■ Excerpted data ■

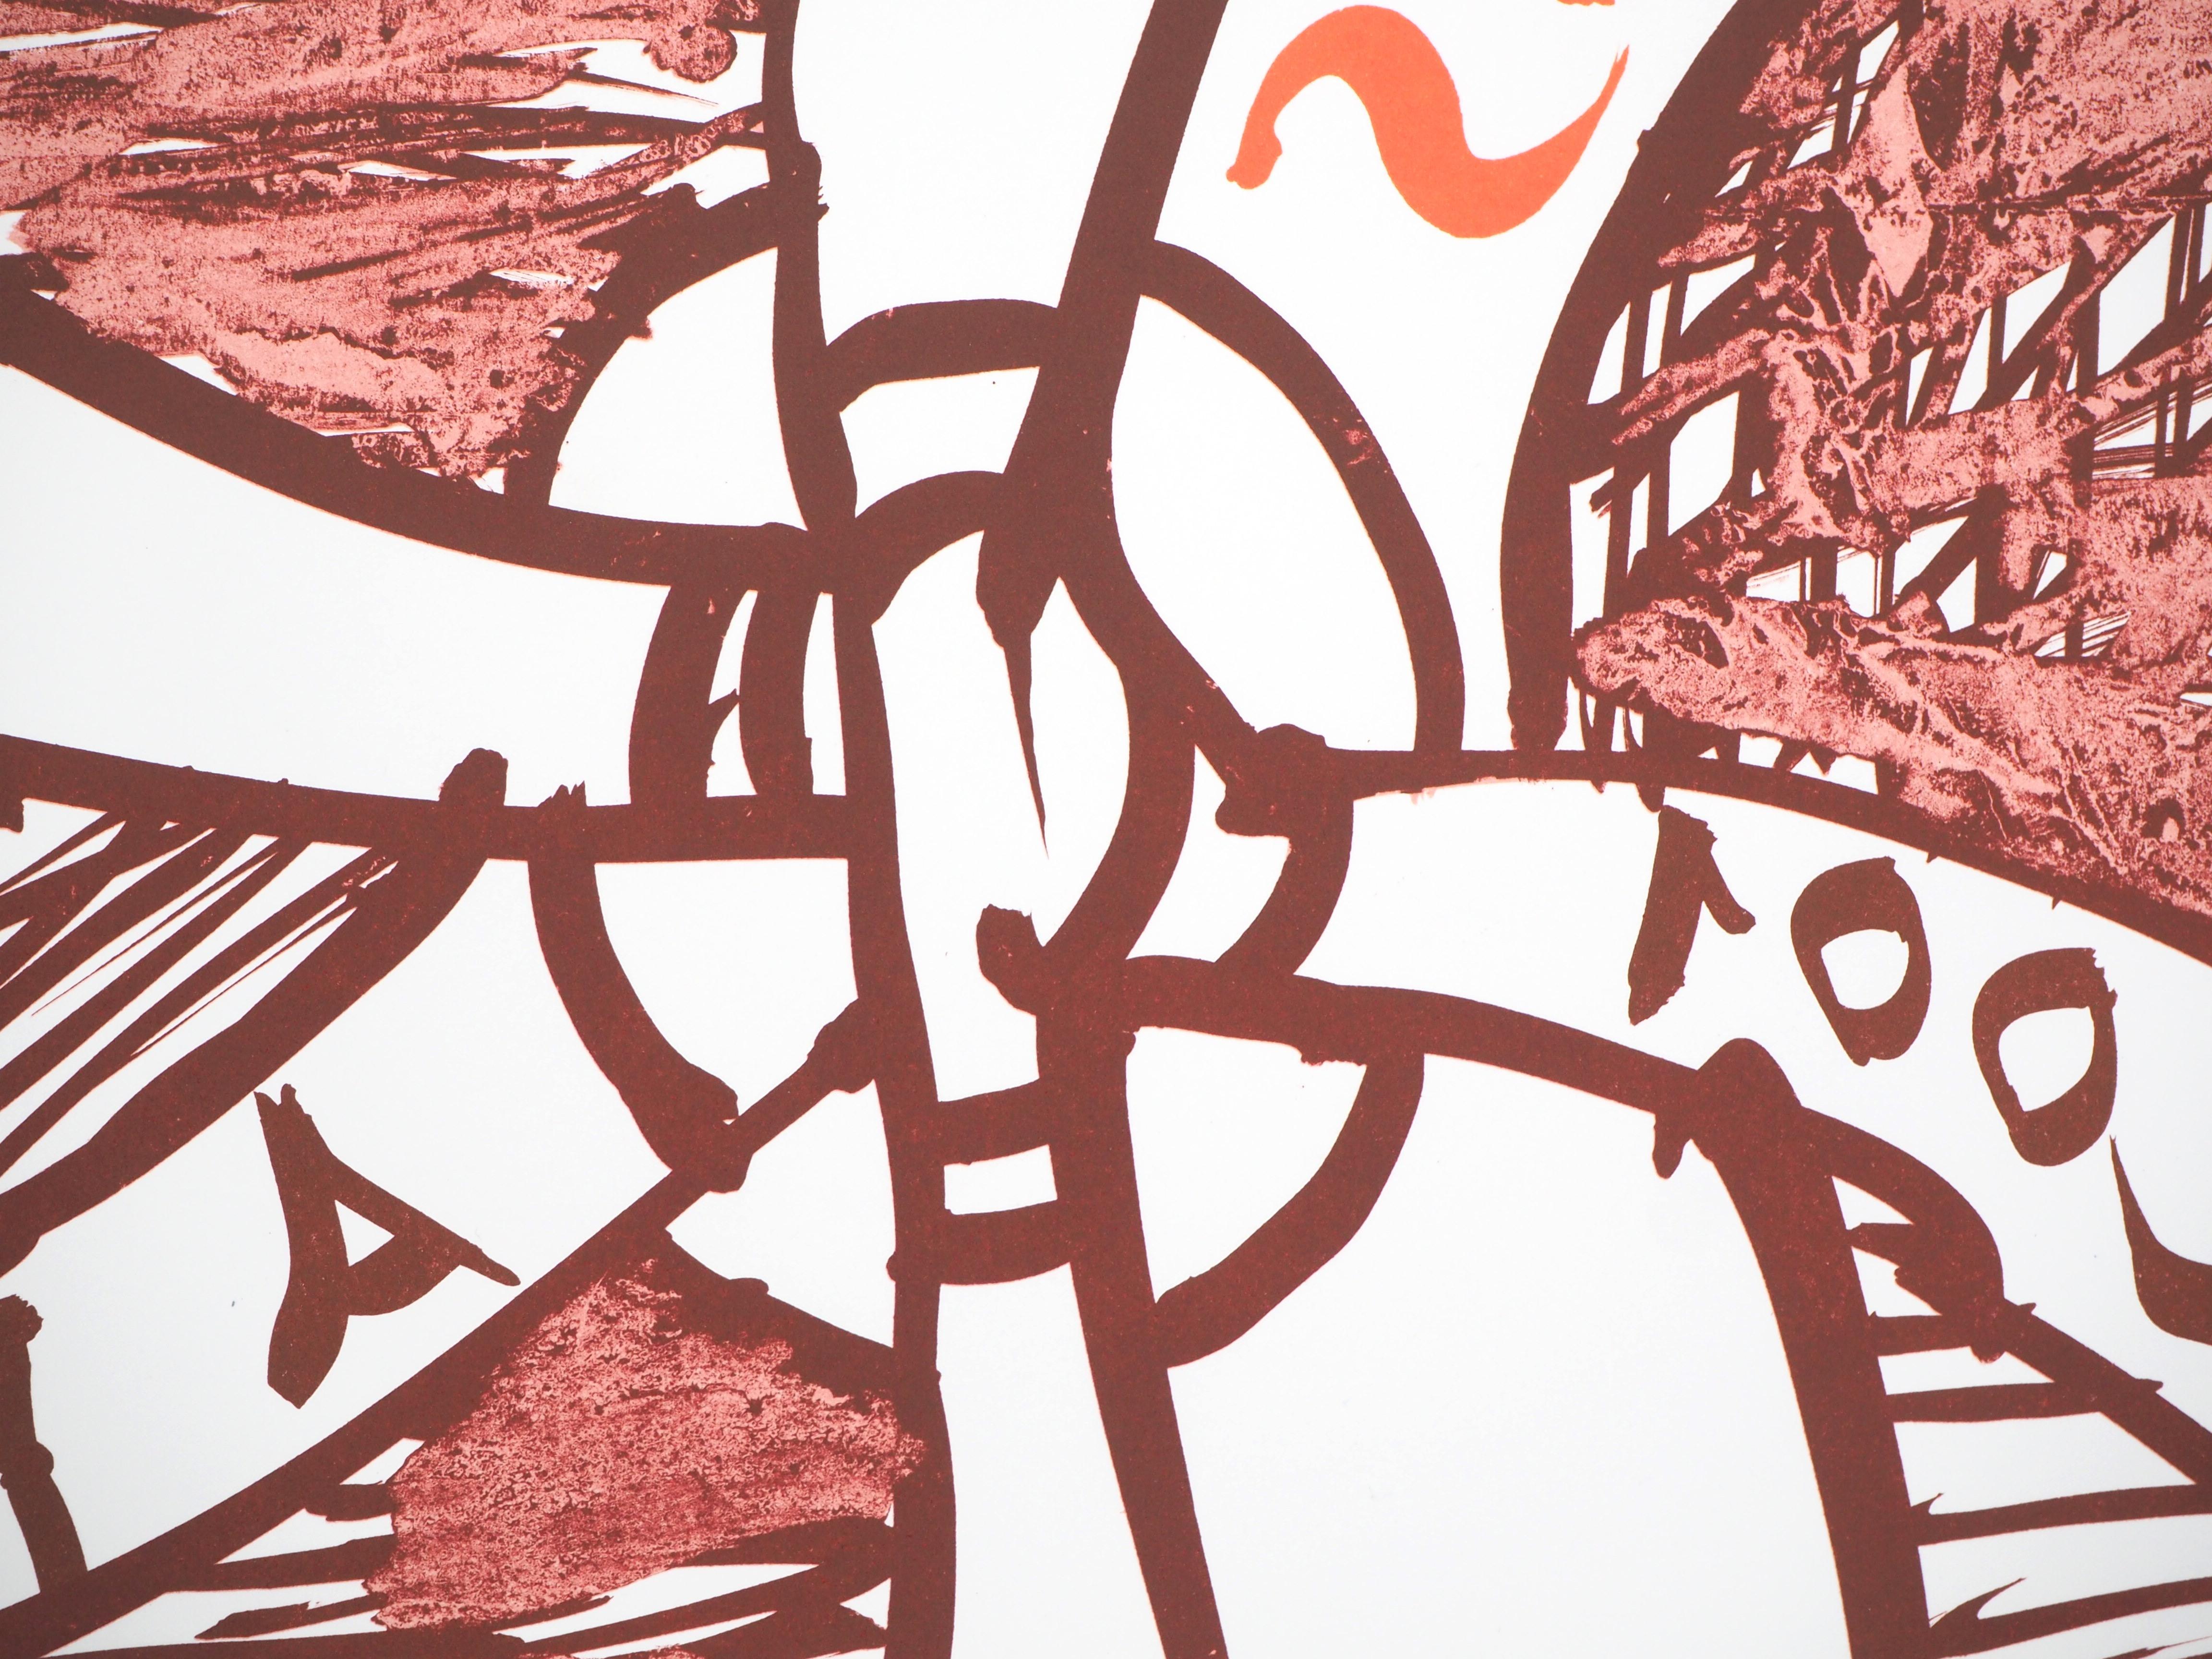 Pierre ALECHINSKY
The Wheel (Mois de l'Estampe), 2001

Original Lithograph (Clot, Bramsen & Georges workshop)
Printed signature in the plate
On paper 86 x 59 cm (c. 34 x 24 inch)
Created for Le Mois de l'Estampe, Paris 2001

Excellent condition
---
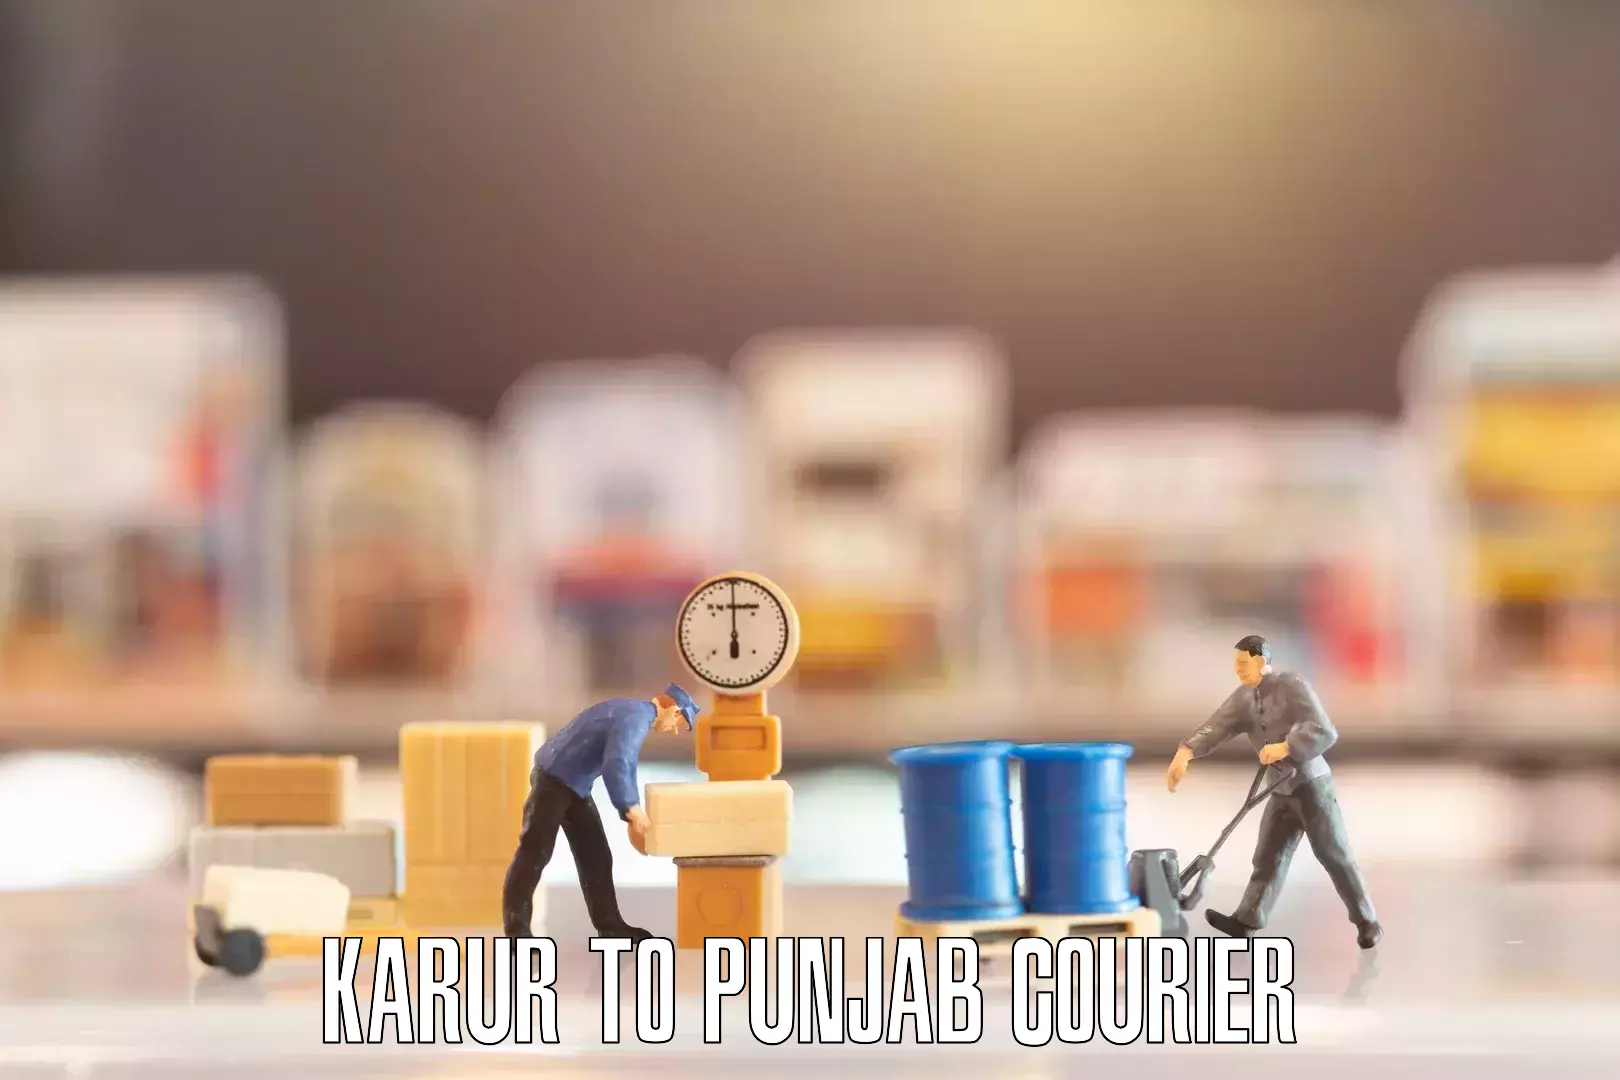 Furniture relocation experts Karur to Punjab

■ About this exercise ■
I would like the exact lines from the data above, starting with the one that holds "Pierre ALECHINSKY" and going on through the one that holds "Excellent condition", without the pictures.

■ Expected answer ■
 Pierre ALECHINSKY
The Wheel (Mois de l'Estampe), 2001

Original Lithograph (Clot, Bramsen & Georges workshop)
Printed signature in the plate
On paper 86 x 59 cm (c. 34 x 24 inch)
Created for Le Mois de l'Estampe, Paris 2001

Excellent condition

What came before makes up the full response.